The Kubichans urge that the trial court properly refused to admit the above rules into evidence and to give the jury a negligence per se instruction based on those rules because (1) there is insufficient evidence that the pond as built by the Kubichans exceeded 24 inches, (2) the pond was valued at less than $200, and (3) that there was no evidence that their failure to get a permit was the proximate cause of plaintiff's injuries.6

 With respect to the original depth of the pond, while there was conflicting evidence on this issue, there was substantial evidence from which the jury could have concluded that the depth of the pond was greater than 24 inches at the time of plaintiff's accident and it was therefore prejudicial error not to have given the requested instruction.   Robert Lane, an architect, testifying on behalf of plaintiff, calculated that the pond could contain a maximum of approximately 24 7/878–25 inches as originally built.   Charles Turnbow, a safety engineer who testified on behalf of plaintiff, calculated that if the pond had been filled to the top it would have a capacity of 24–25 inches.   Dennis Dallugge, who helped the Kubichans install the fountain, testified that when he measured the pond after the accident it was 26–27 inches deep.   He recalled, however, that the pond as it was originally built was only 10 inches deep.   Ms.

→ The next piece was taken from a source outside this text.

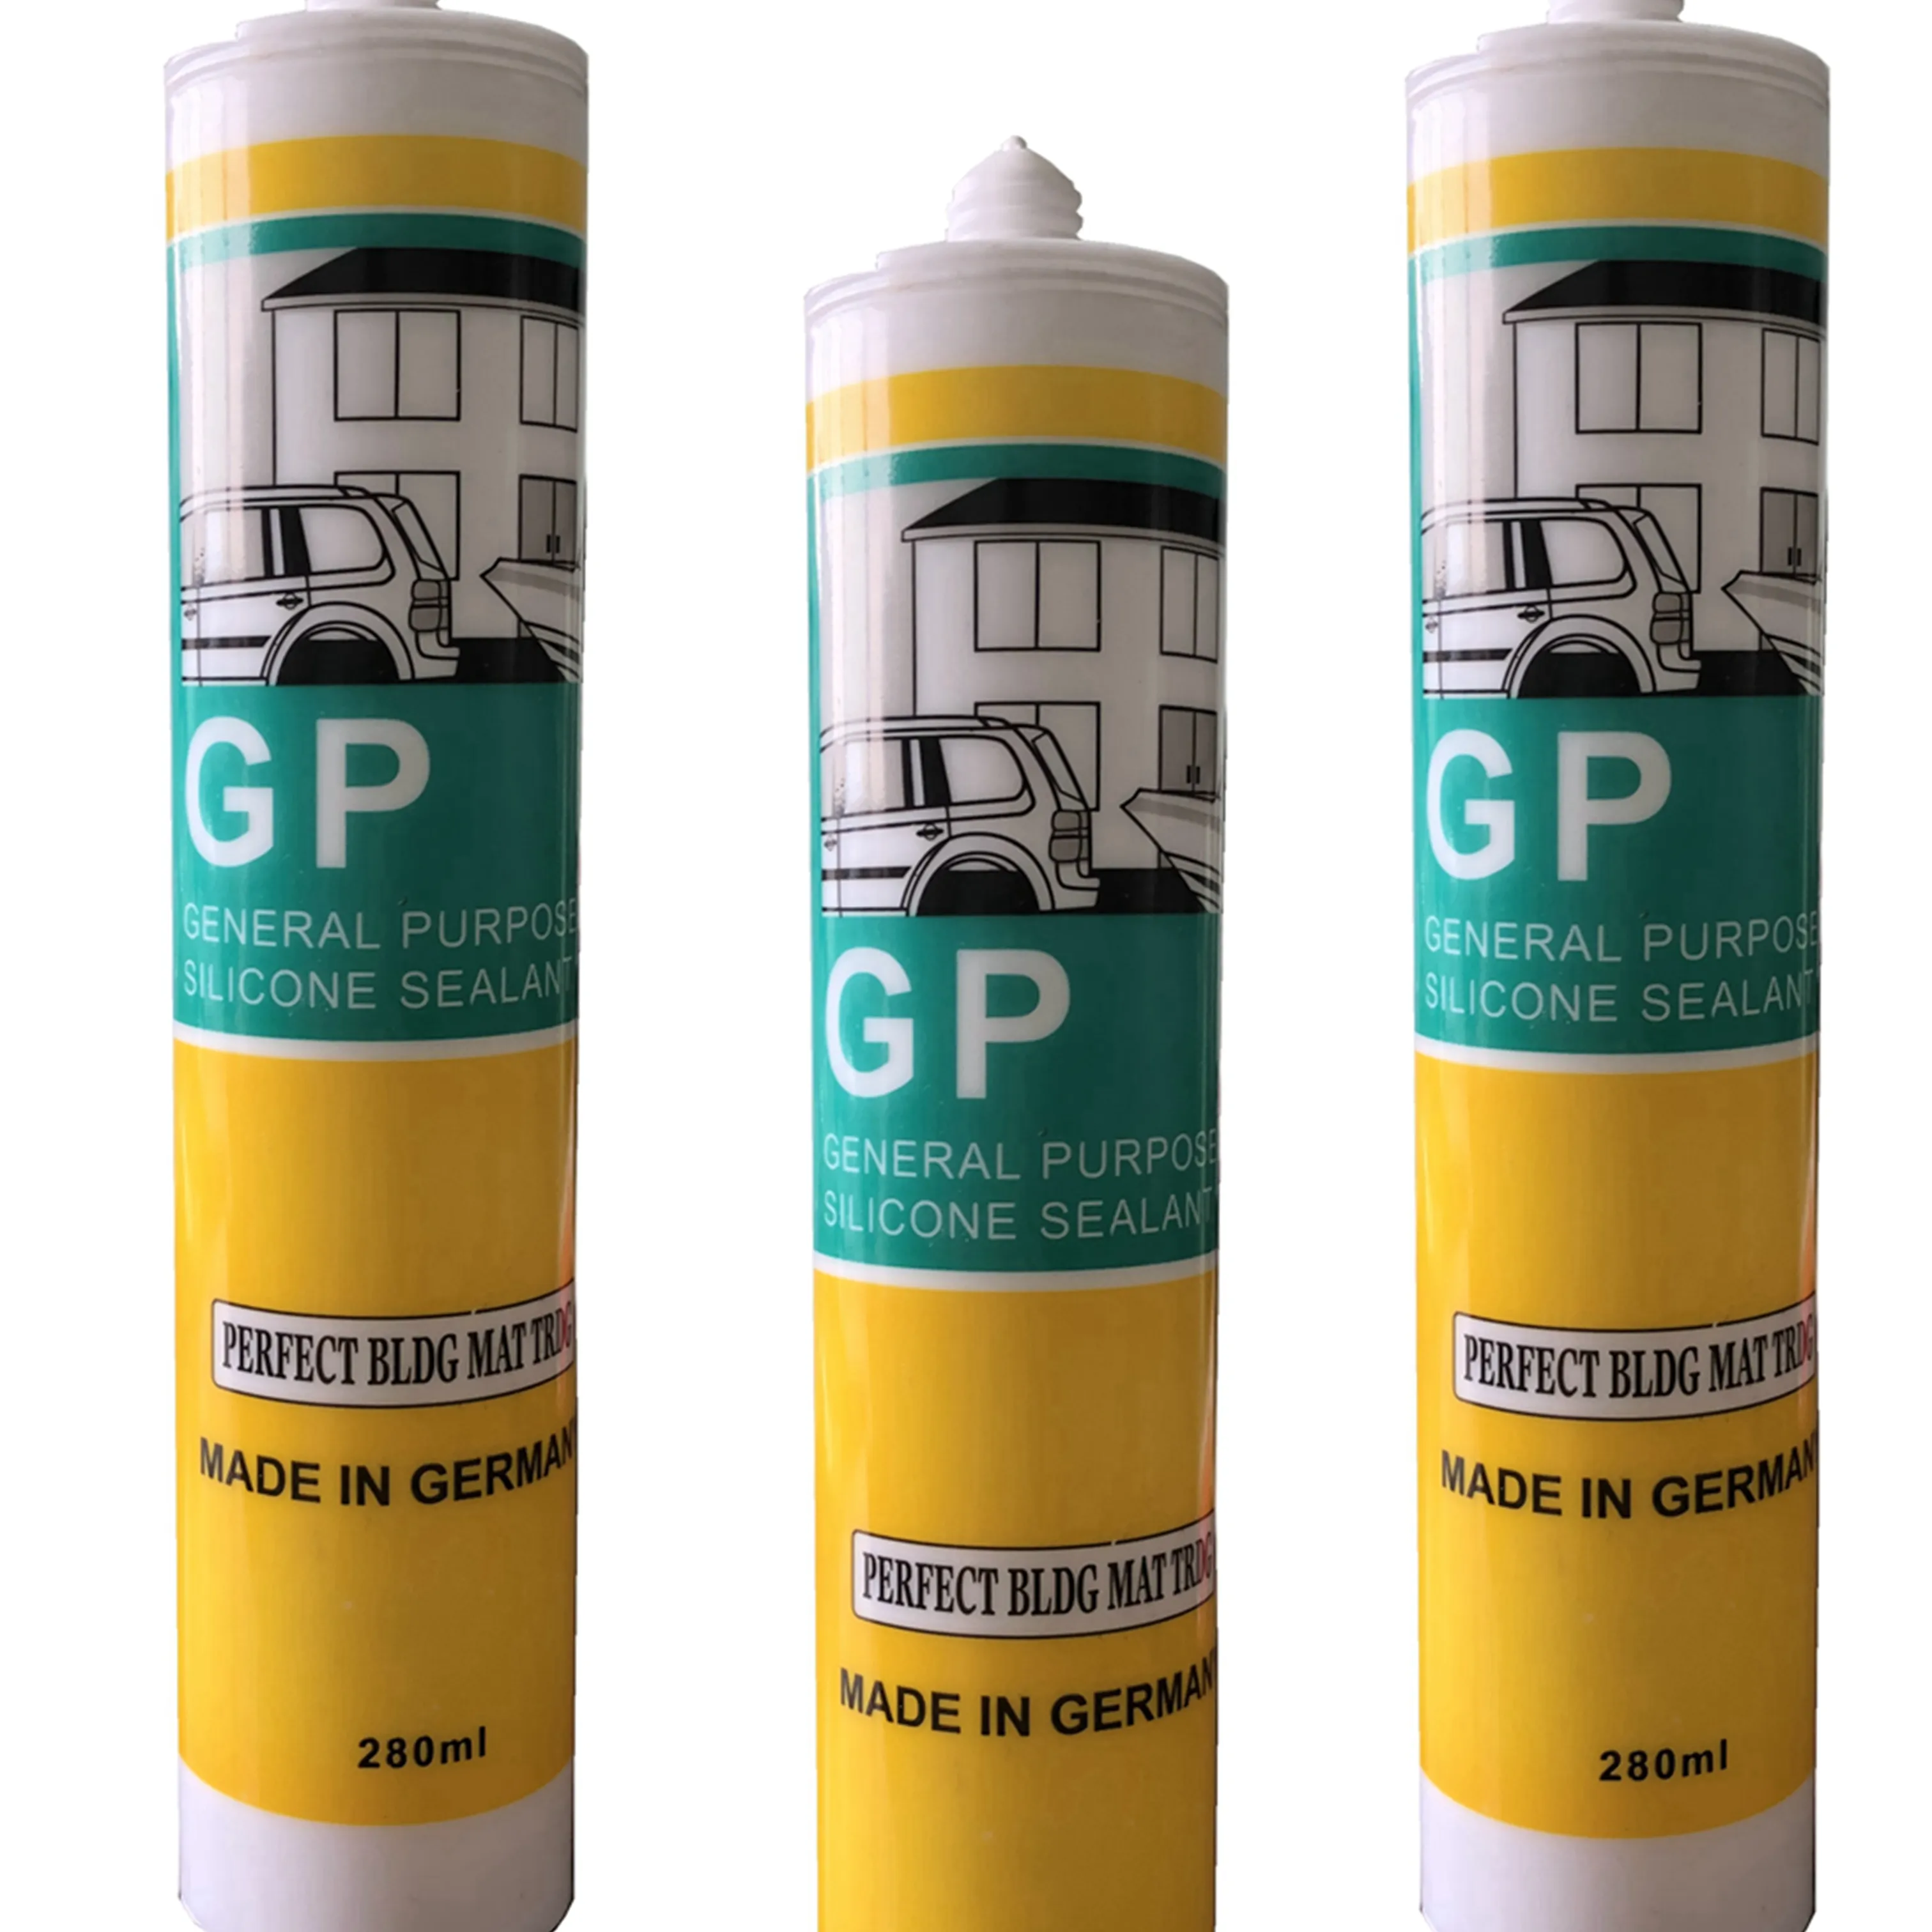 General Purpose GP Silicone Sealant Adhesive

Kubichan testified that at its deepest point the pond was 18 inches.   The evidence with respect to whether there was a change in the depth of the pool after the accident was either inconsistent or inconclusive.   Accordingly, there was substantial evidence from which the jury could have found that there had been no change in the depth of the pond and that the pond, as built by the Kubichans, was over 24 inches deep.

 Even assuming the pond cost less than $200 to construct does not bring it within the exception for work valued at $200 or less for that exception does not apply to work which affects public safety.   Clearly, the building of a pond, such as the one in the case at bench, falls within that provision and makes the $200 exception inapplicable.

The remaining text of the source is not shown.